The last bit of information (the program to start up) is stored after the last colon of each line. If nothing follows the last colon, the standard shell /usr/bin/sh is assumed by default. The following lines show typical lines from my /etc/passwd file

  • root:x:0:0:root:/root:/bin/bash => thi is when we type "root" at login prompt, login shell started is bash for root user
  • gdm:x:42:42::/var/lib/gdm:/sbin/nologin => in RHEL, every process runs under a particular user. Users corresponding to certain processess dont have the need to login. So, they have been assigned with a nologin shell. 
  • ashish:x:1000:1000:ashish:/home/ashish:/bin/bash => this is the line used when user "ashish" logs in. After password match, bash shell is started. NOTE: we don't have to start a shell. We could run any program, i.e :/home/my_test.tcl is an equally valid program that can be mentioned here, and login pgm will start that pgm instead of a shell.

The blinking cursor that appears when typing password in CLI is the login program running. No shell has been started yet.

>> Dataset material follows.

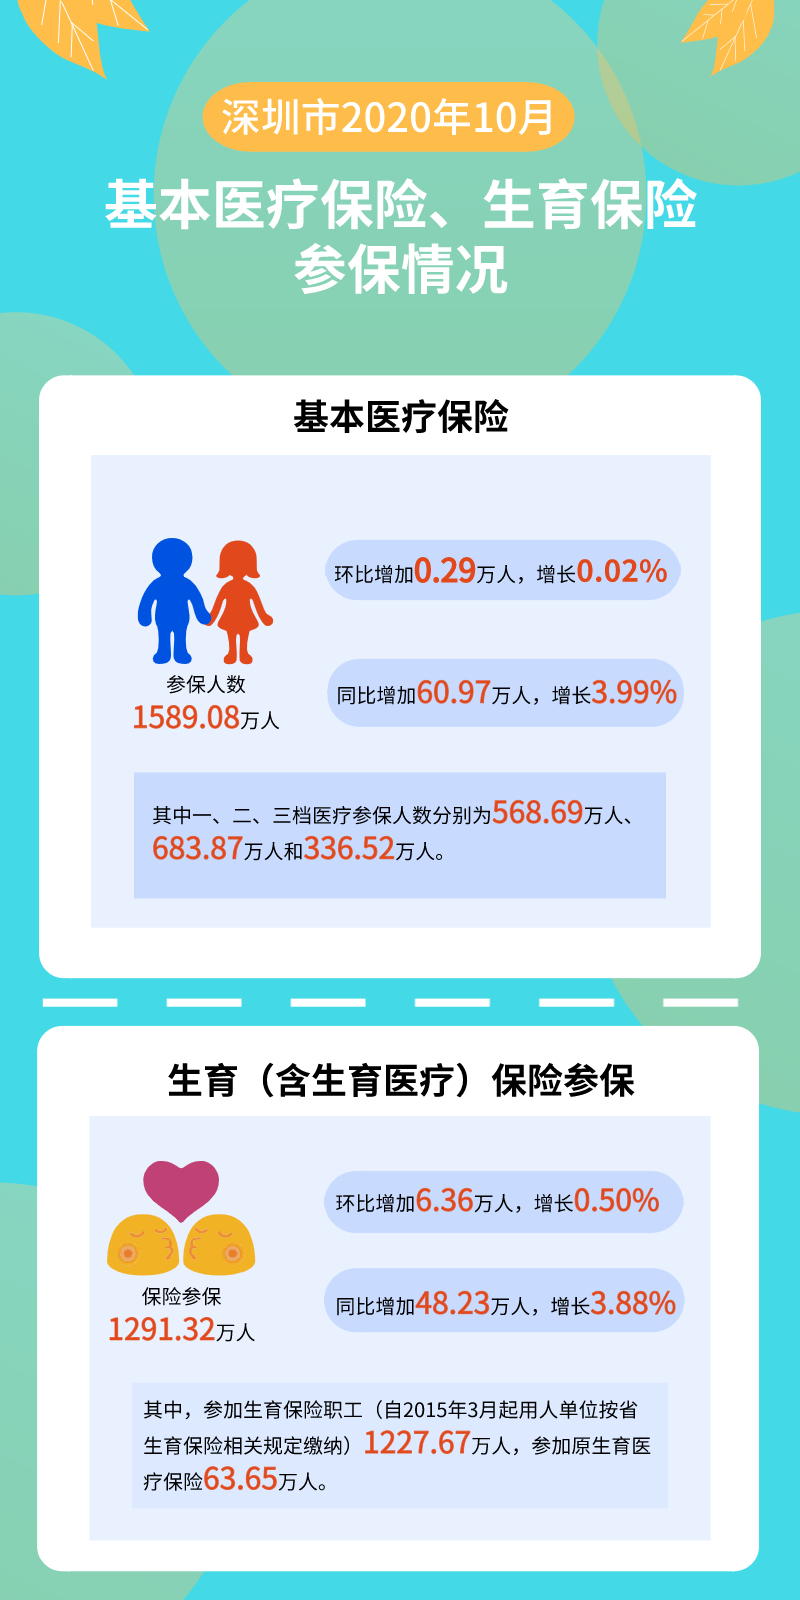 深圳市2020年10月基本医疗保险、生育保险参保情况概述.jpg

7. login: The login program displays the contents of /etc/motd (message of the day) after a successful login, and then it executes the pgm mentioned in /etc/passwd, which is usually a shell pgm. This is called a login shell. This login shells may be one of many shells supported, and is the entry in /etc/passwd file as indicated above. The default shell on most linux distro is bash. Once the user's login shell is started, it will typically run a runtime configuration file, such as .bashrc or .cshrc, before presenting a prompt to the user. For bash shell, /etc/profile; is executed. in addition, it executes .profile in the user's home directory. For csh, .login is executed. However, if the login was done graphically via dm, then different set of runtime configuration files are called to call the graphical windows i/f. However, on other virtual terminals (accessible by pressing ctrl+alt+F2 or ctrl+alt+F3 or so on), we still see the text login shell after entering username and password.


8. xinit:  For grahical windows i/f, login pgm calls some other configuration files after successful login.These runtime configuration file will call startx or xinit. It runs the user's xinitrc runtime configuration file, which normally starts a window manager (wm). When the user is finished and exits the window manager, xinit, startx, the shell, and login will terminate in that order, returning to getty. NOTE: xinit may not be use any longer on linux distro that have switched to systemd (instesd of init).

startx: This cmd is a wrapper to xinit, and is implemented differently on diff OS variants. More details here: https://www.computerhope.com/unix/startx.htm. startx is a standalone cmd and is used to start the wm under full user control. This is not the cmd that is used by the OS to start wm, but whatever "xinit" script is being used by the OS achieves results similar to this.